Let’s face it: traditional TV is fading. Viewing habits have totally changed, with spectators now favoring online video. In this competitive market where big players like Netflix and Hulu are racing for most eyeballs it might be rather difficult to encourage audiences to stay tuned to your video content.

According to NewVantage Venture Partners, big data and machine learning (ML) deliver true value to enterprises. The marriage of these techs allows getting advanced customer intelligence, automating mission-critical workflows, and, in turn, significantly improving viewer experience.

A number of online video providers have already started reaping these benefits. Let’s take a dive into some success stories.

Betting on Big Data to Refine Recommendations

Viewer interests and behavior tend to change rapidly, and it might be quite difficult to predict what content they will acquire and enjoy next. To address that, businesses need to leverage huge amounts of value-rich data for thorough analysis.

For example, Netflix virtually sits on data goldmines. The OTT giant uses lots of data sources to feed the machine learning algorithms of its recommendation engine.

Netflix has billions of member ratings and receives several million daily stream plays — with info about duration, time of day, and device type.
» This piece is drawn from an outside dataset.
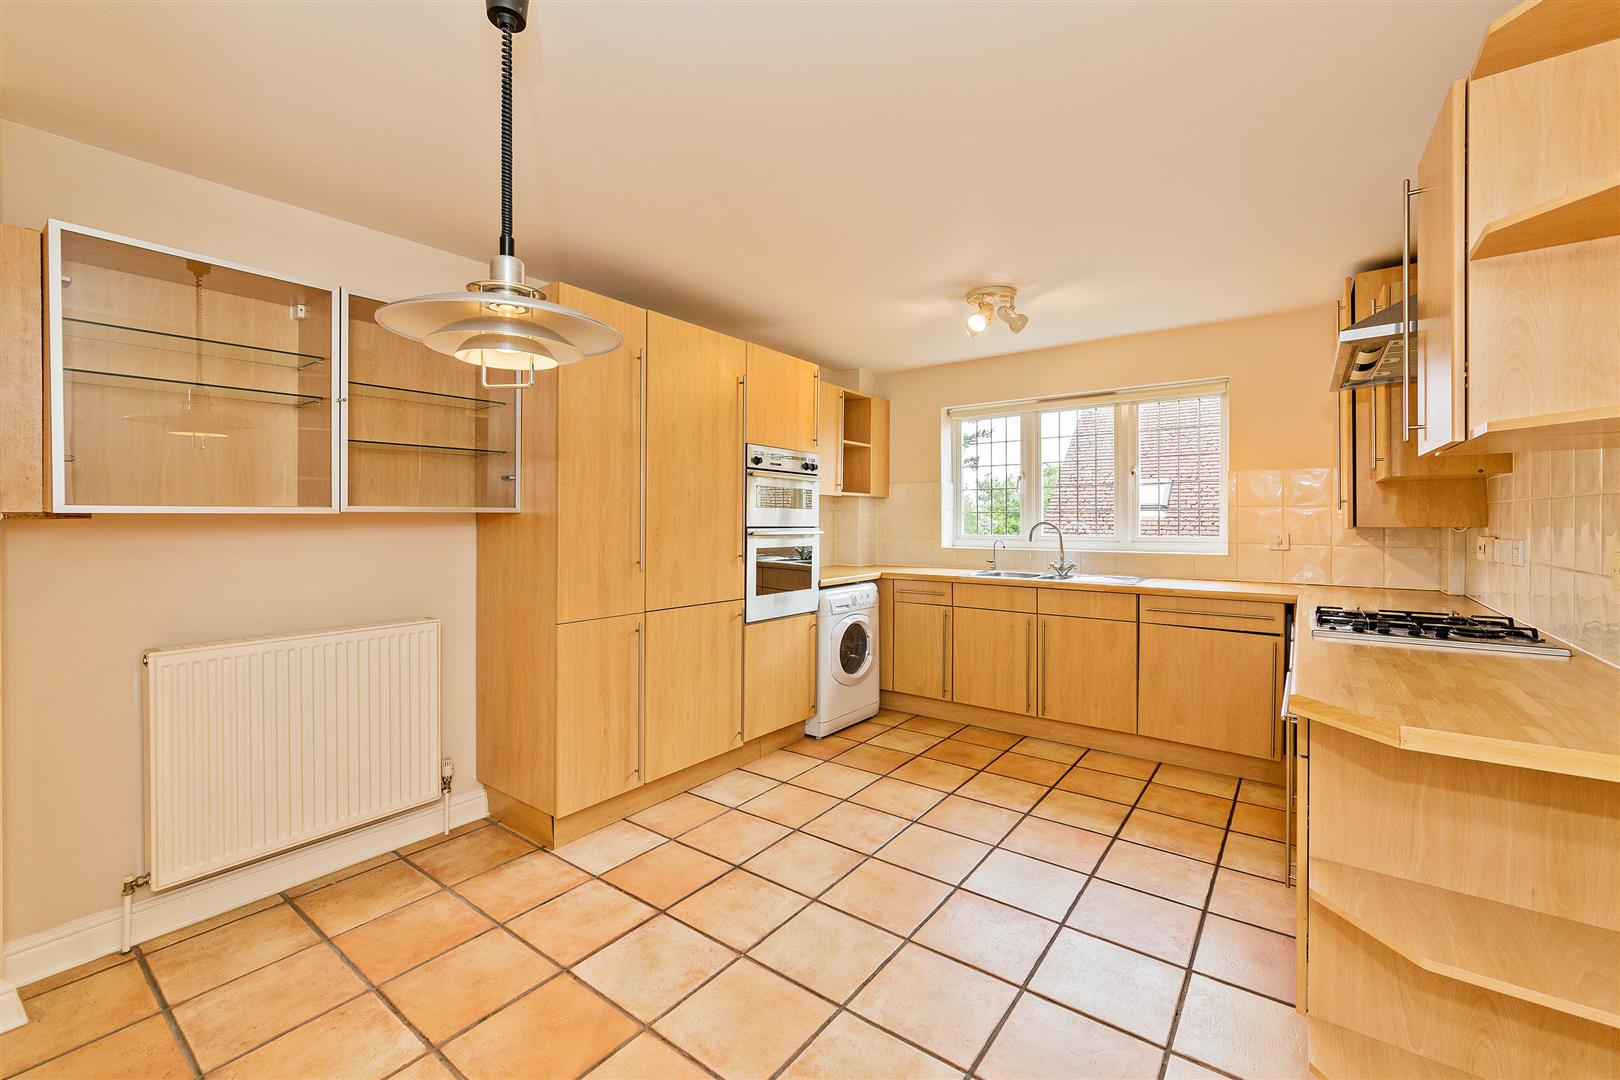 8 Marlborough House  (8) - kitchen use.jpg

The company also analyzes social data, movie metadata (actors, director, genre, parental rating, and reviews), films’ popularity, queue items, demographics, location, language, and much more.
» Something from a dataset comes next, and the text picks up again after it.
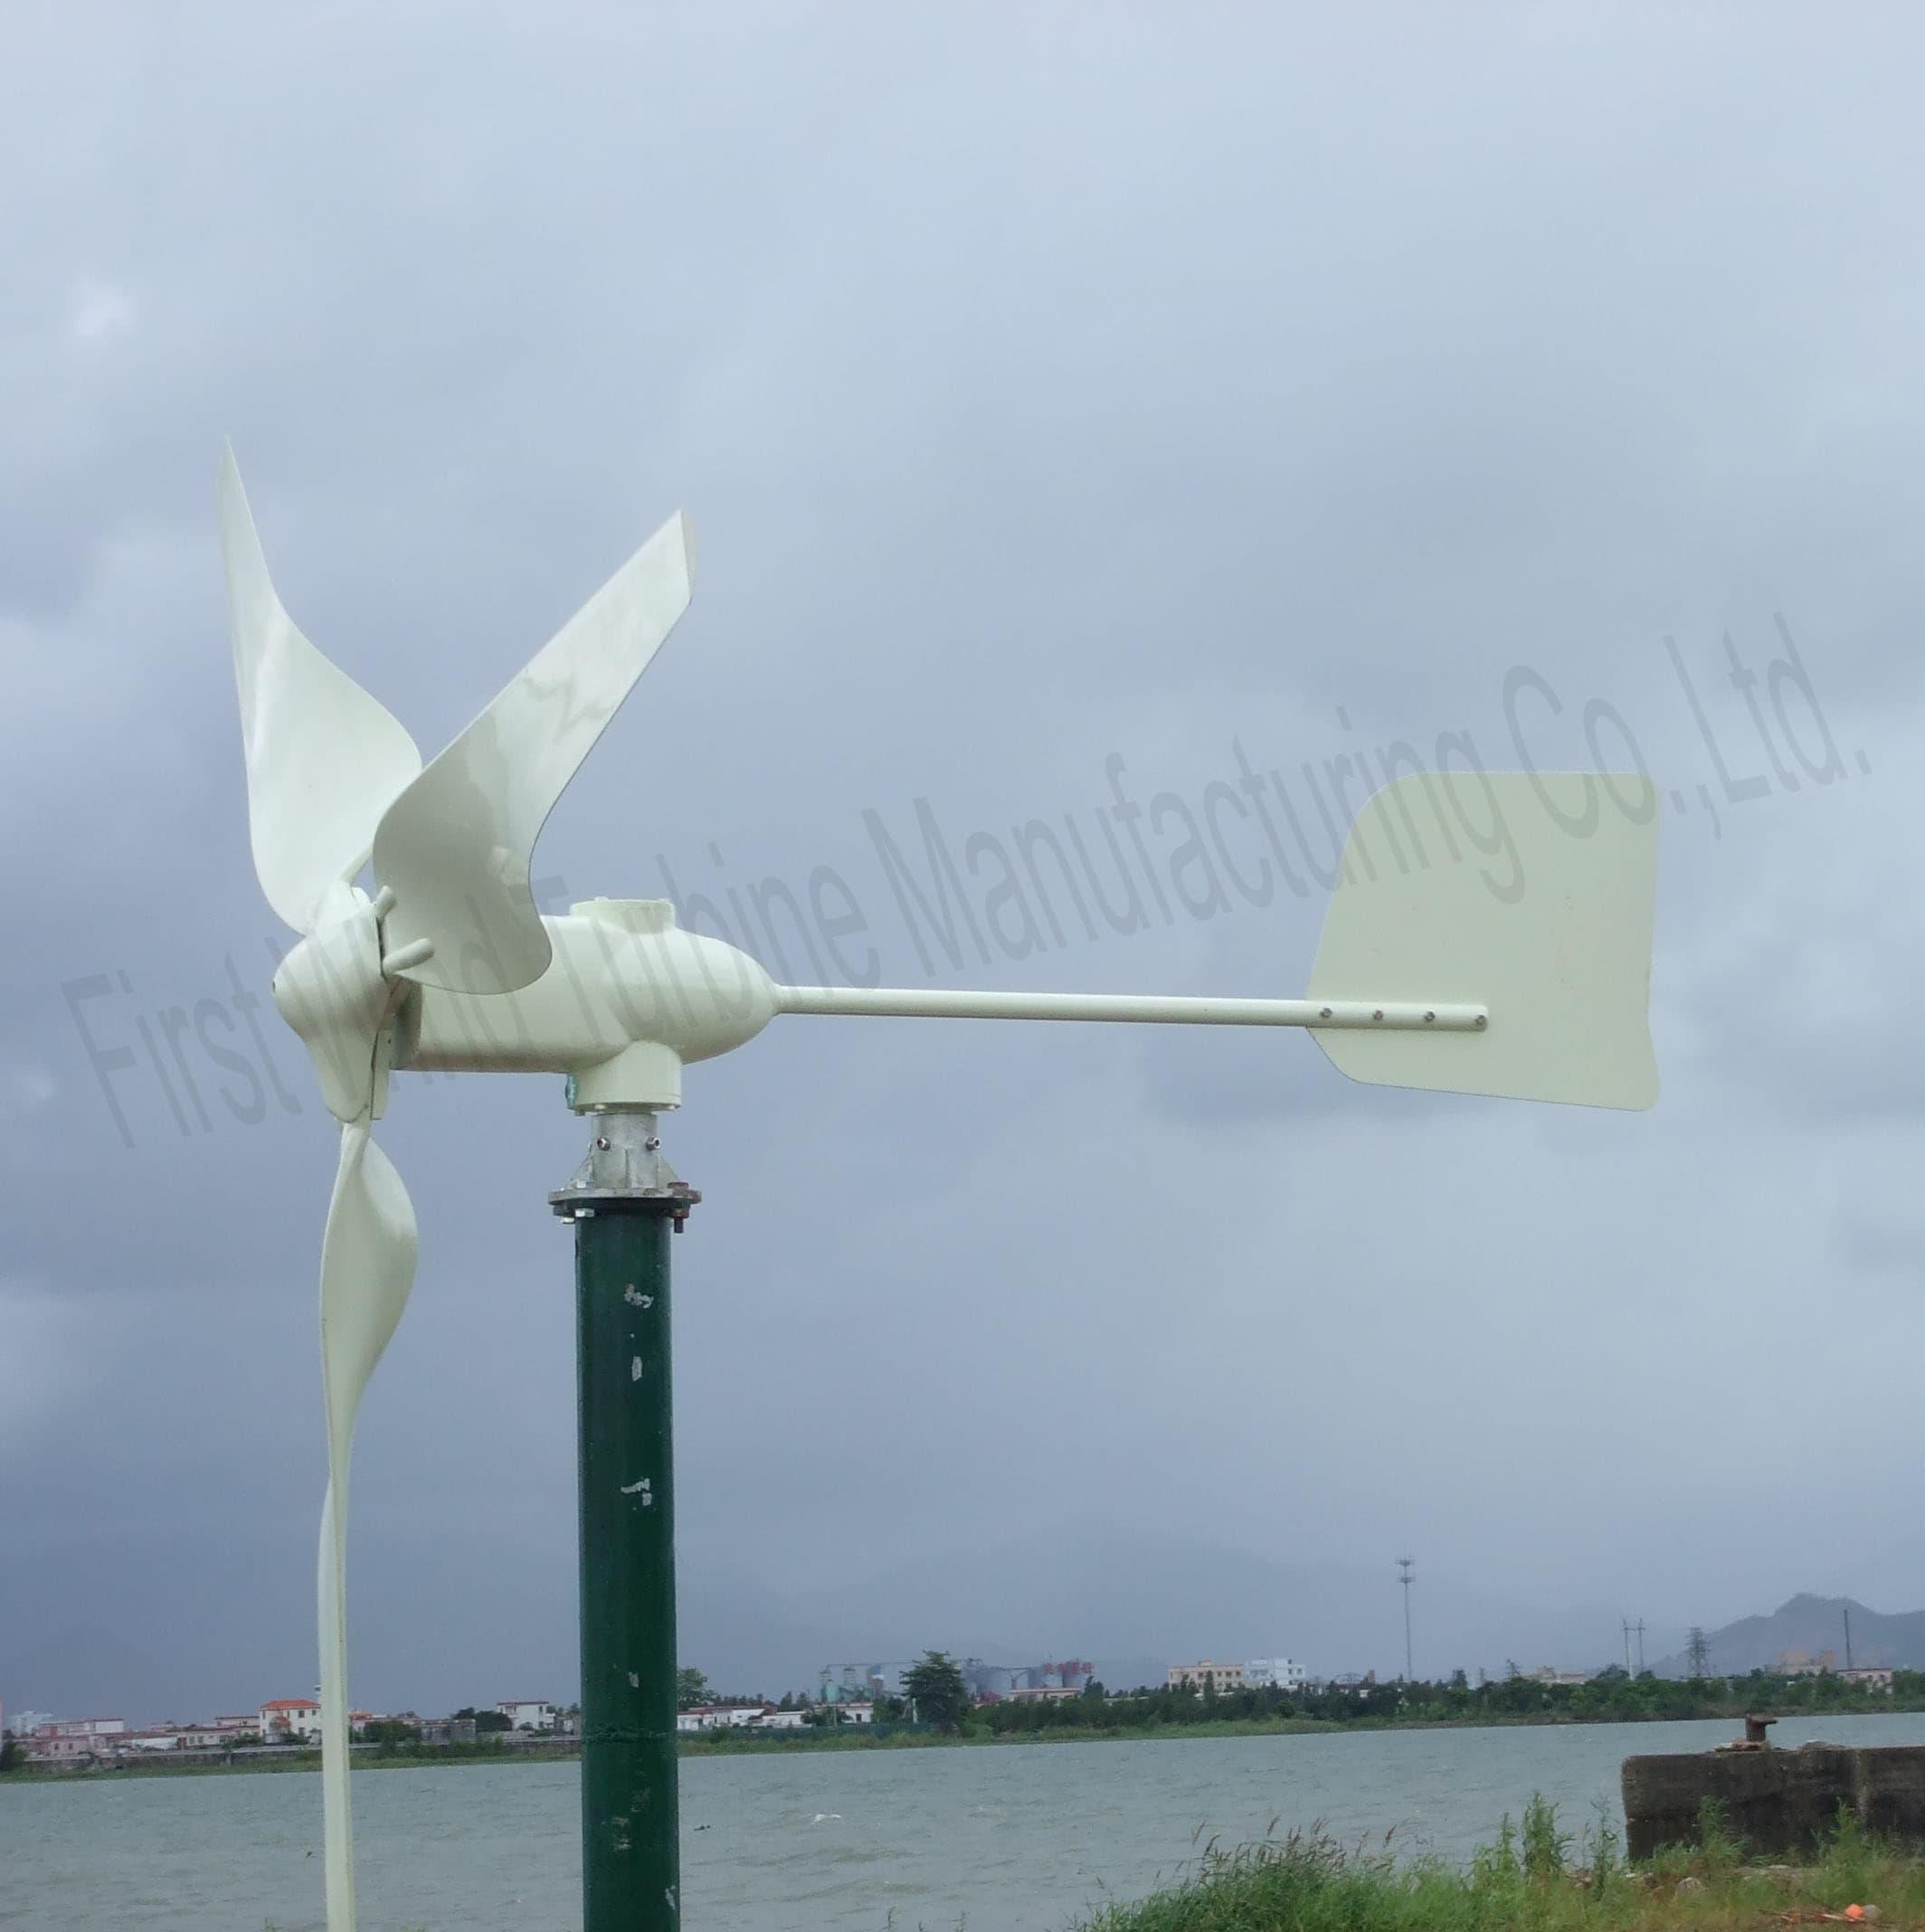 Mini Wind Turbine WK 750 from First Wind Turbine Manufacturing

To smartly manage this great availability of data, Netflix implements all sorts of ML approaches, including clustering algorithms, linear and logistic regression, Markov chains, and association rules.

In turn, this ML-based model allows the media provider to automatically deliver personalized offerings in terms of content, payment methods, and subscription types. According to Netflix, the results are impressive, with 75% of its viewership coming directly from its recommendation engine.
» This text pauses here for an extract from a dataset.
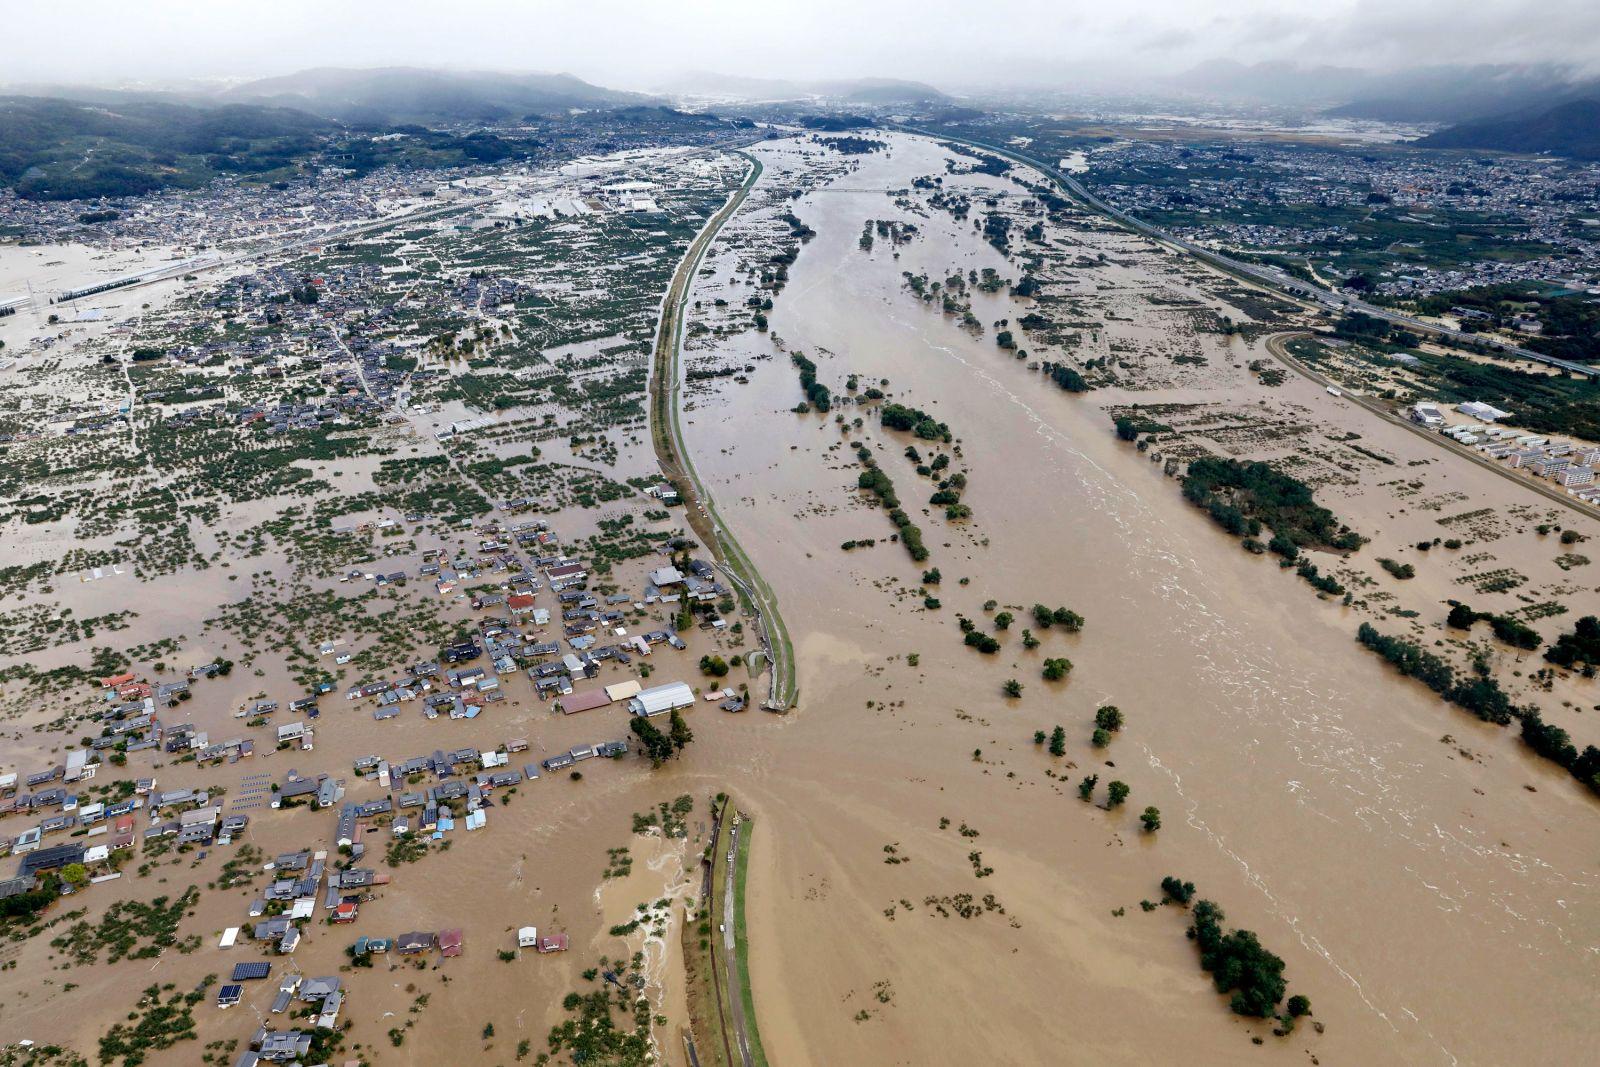 In photos: Typhoon Hagibis hits Japan

The corporation also puts viewing data to good use by personalizing movies’ artworks. What does that mean? Netflix’s ML algorithms analyze a user’s preferences, namely favorite genres and actors, to generate the most relevant imagery for a film.

For instance, if your viewing history says you like comedies, the artwork of the recommended content will likely include a comedian. And if you’re a romantic movie lover, be sure to mostly get recommendations featuring romantic scenes.

Netflix Figure 1

Image source:


Netflix will also spot your cast preferences to feature the artwork with a beloved actor/actress.

Netflix Figure 2

Image source:


Netflix says the steps they took in personalizing the artworks led to a meaningful improvement in how viewers find new content. The video provider also plans to expand this approach and personalize other types of artworks they use, such as synopses, metadata, and trailers.

Leveraging MAM Orchestration to Accelerate Video Processing

Video providers are under constant pressure to deliver content to a vast number of viewers. While fulfilling a batch of media asset management (MAM) operations, they’re dealing with dispersed systems and technologies, communications, and work orders.

And MAM orchestration might be the optimal avenue to address this challenge. Empowered by ML, an MAM orchestrator can automate a wealth of operations — from media ingestion and transcoding to media processing and playout. Namely, such a solution can spare you the need to manually categorize video, i.e. spot adult content, violence, racism, objectionable language, etc. — to meet compliance regulations.

ML algorithms can also greatly enhance an orchestrator’s ability to flag content inappropriate for a particular region or country — for political and/or religious reasons or for being too controversial. With such an automated process in place, you won’t make a blunder releasing a movie about the life of LGBT groups in Singapore, the country where explicit promotion of homosexual lifestyle in movies and other video content is strictly prohibited.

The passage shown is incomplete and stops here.